'Hot' electrons in metallic nanostructures—non-thermal carriers or heating?

What happens to a piece of metal when you shine light on it? This question, which has been one of the driving forces of modern physics, gained renewed interest in recent years, with the advances in fabrication of small metallic nano-particles. When a piece of metal is very small, it turns out that it can couple extremely well to visible light. The study of fundamental and applicable aspects of this interaction is typically referred to as plasmonics.

Within the field of plasmonics—and considering metallic nanoparticles—two different answers emerged to the question posed above. The first, which relies on classical physics and is quite intuitive, is that the nanoparticle heats up. Indeed, the fact that illuminated nanoparticles serve as localized heat sources has found a wide variety of applications, from cancer treatment to water desalination. The second answer is subtler, and suggests that upon illumination, the electrons deviate from equilibrium and occupy a non-Fermi distribution, characterized by an excess of electrons at high energies, so-called "hot electrons."

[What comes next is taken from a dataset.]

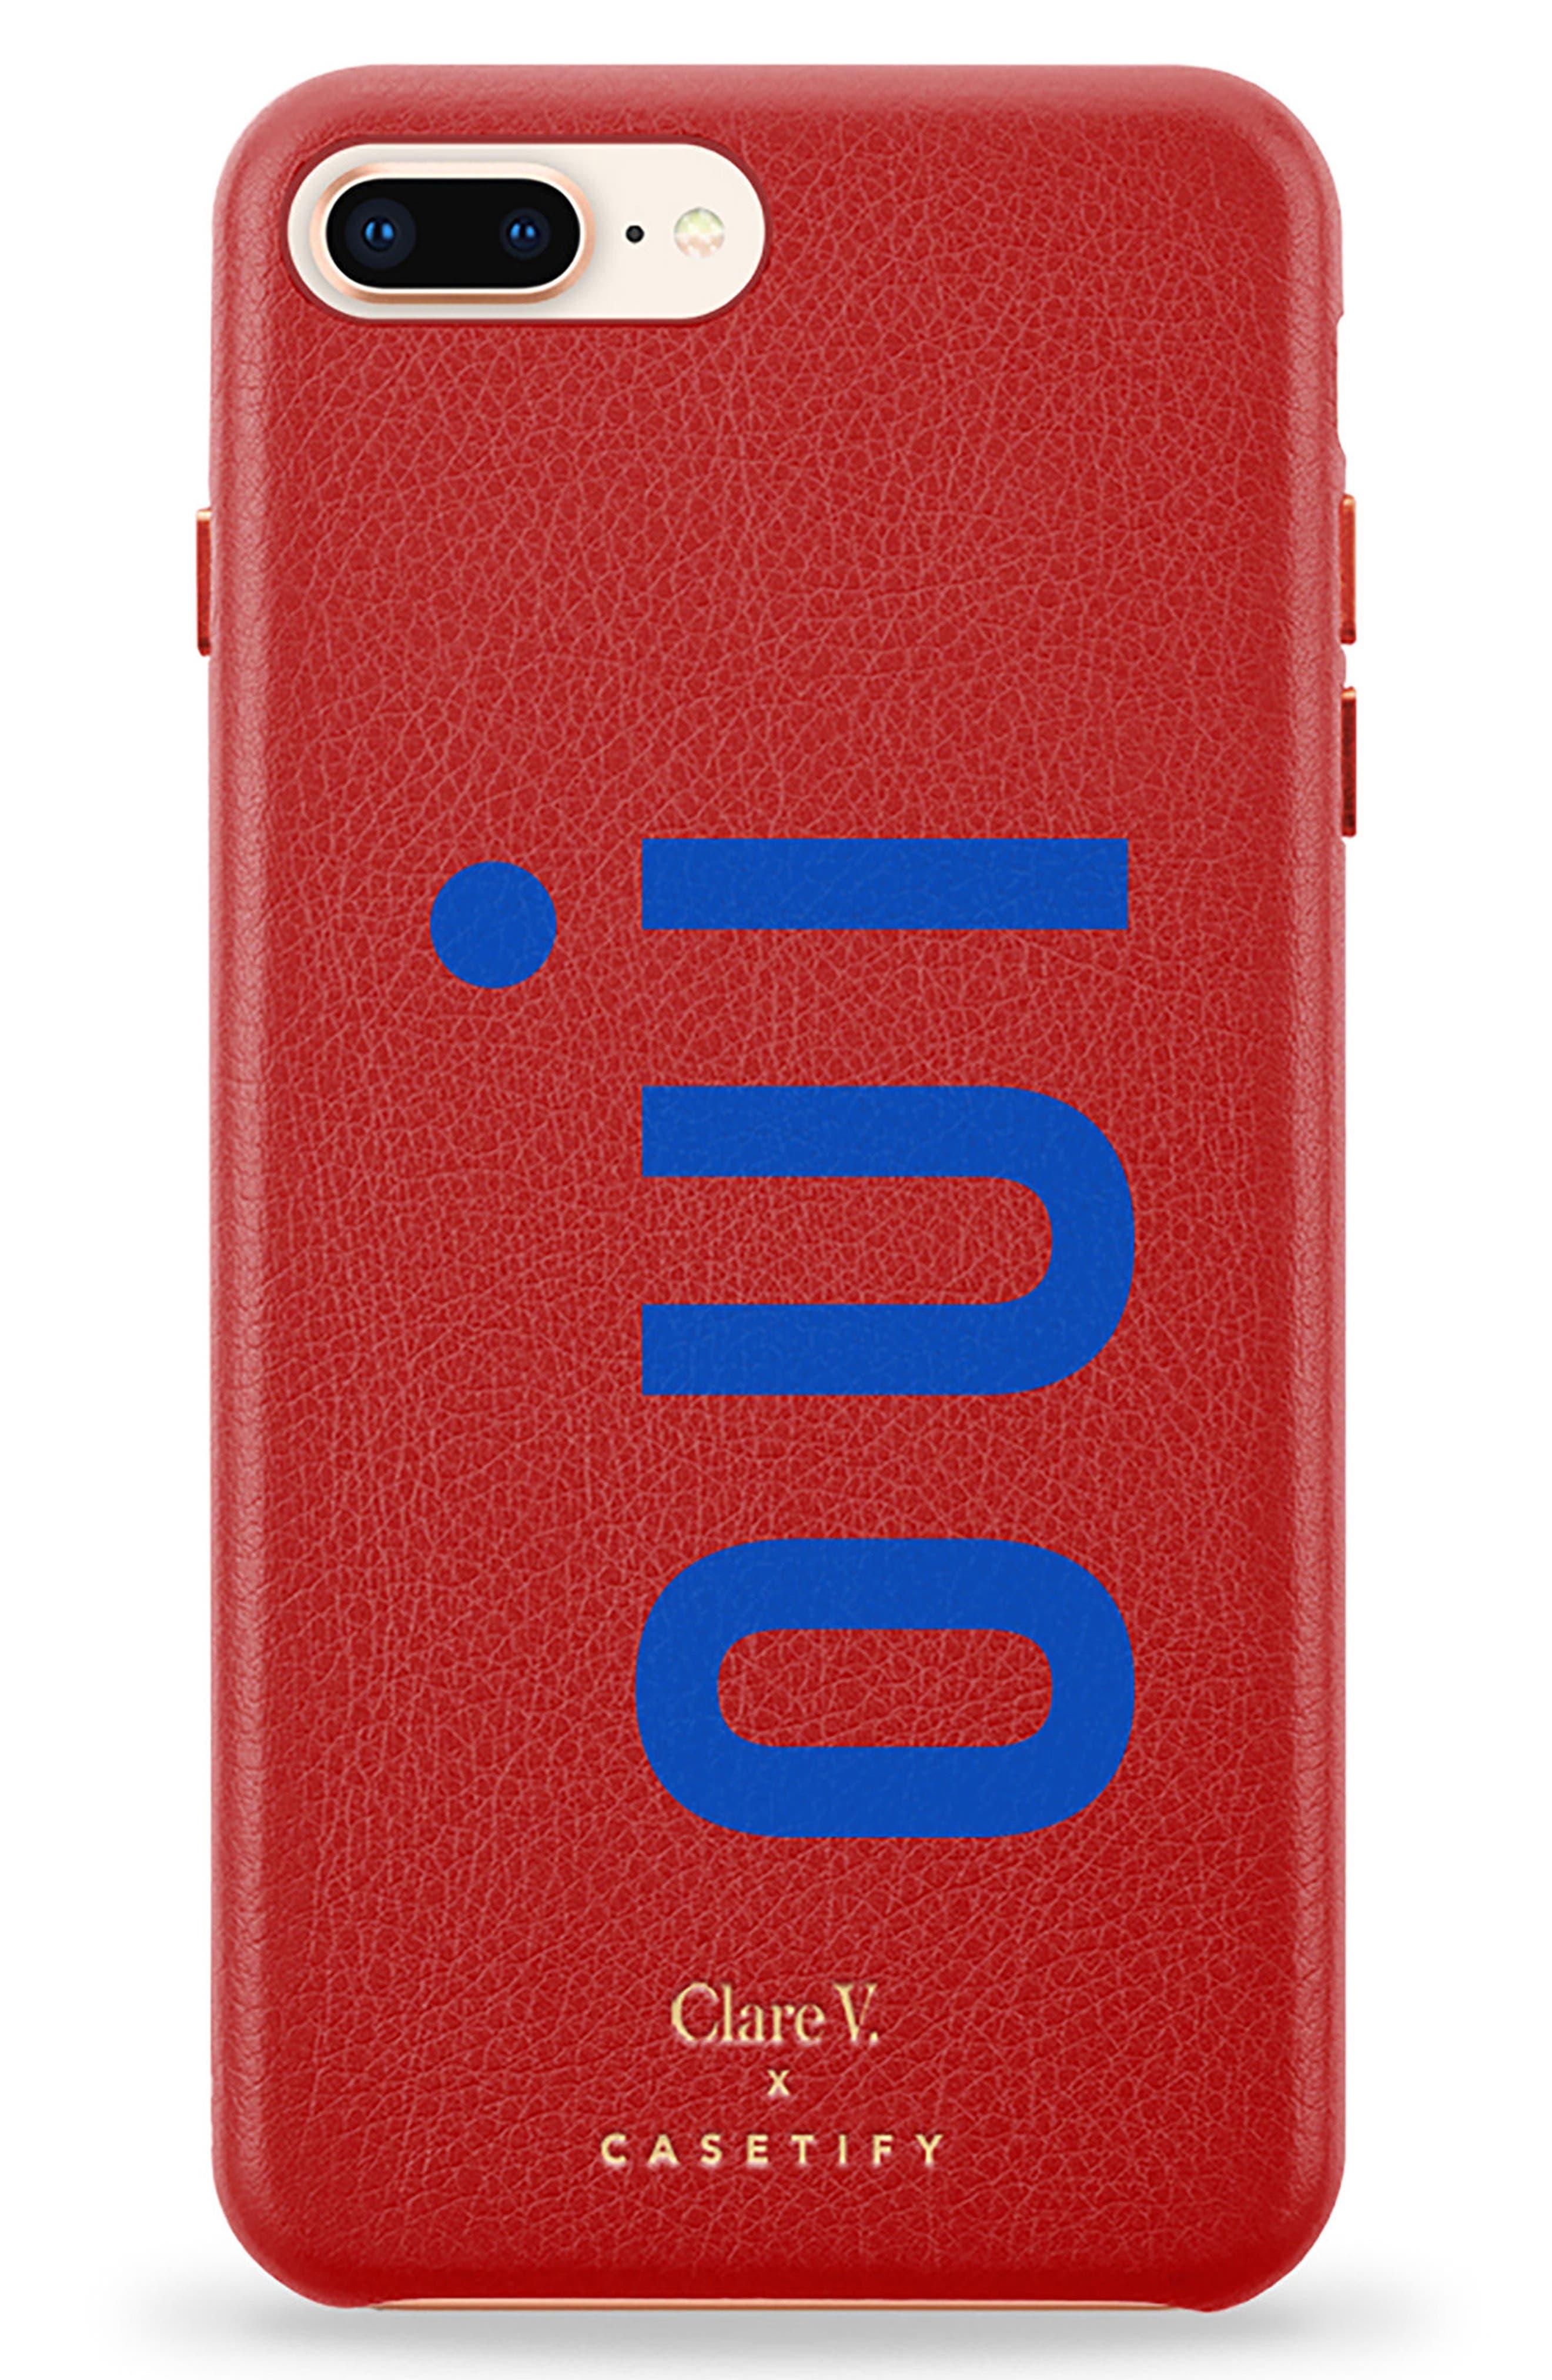 x Clare V. Oui Leather iPhone 7/8 & 7/8 Plus Case,                             Main thumbnail 1, color,                             600

These two models, heating vs "hot electrons," are typically presented as orthogonal, and theories either address one or the other. In a recent work, conducted by the groups of Prof. Yonatan Sivan and Yonatan Dubi (both from Ben-Gurion University, Israel), these two pictures were merged into a single theoretical framework, which enabled them to fully evaluate both the electron distribution and the electron and lattice temperatures of an illuminated nanoparticle. Their research results were published in Light: Science and Applications.

The picture that emerges from their study is that indeed the two effects—heating and generation of "hot electrons"—are present. Yet, contrary to many recent claims, heating is far more important, and uses most of the illumination power input. Only a tiny fraction (less than one millionth) of the power input is channeled towards generation of "hot electrons," which is thus an extremely inefficient process.

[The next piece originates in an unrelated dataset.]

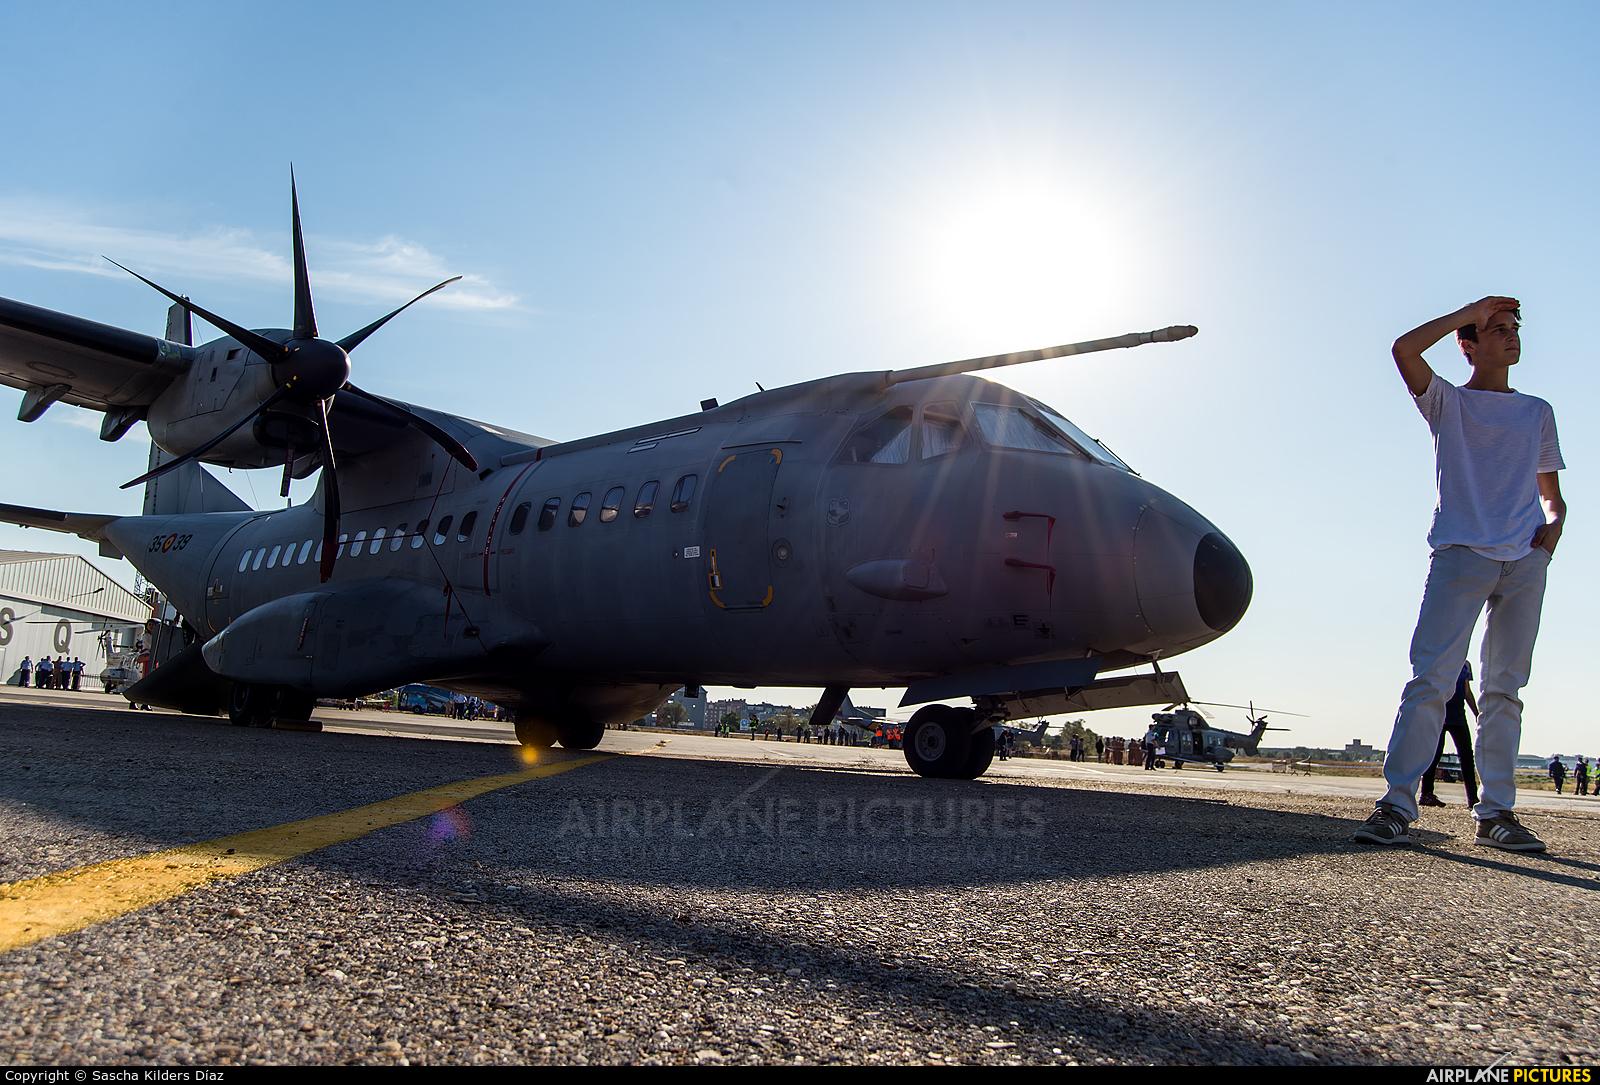 Spain - Air Force T.21-01 aircraft at Madrid - Cuatro Vientos

Many experimental and theoretical studies have celebrated the promise of exploiting "hot electrons" to perform various functions, from photo-detection to photo-catalysis. The work of Sivan and Dubi allows for a realistic evaluation of energy harvesting efficiency using "hot electrons," and examines the limits of this efficiency. Furthermore, it serves as an essential first step towards realistic calculation of the complete energy harvesting process in many systems, from plasmonic-enhanced photo-catalytic systems to solar cells.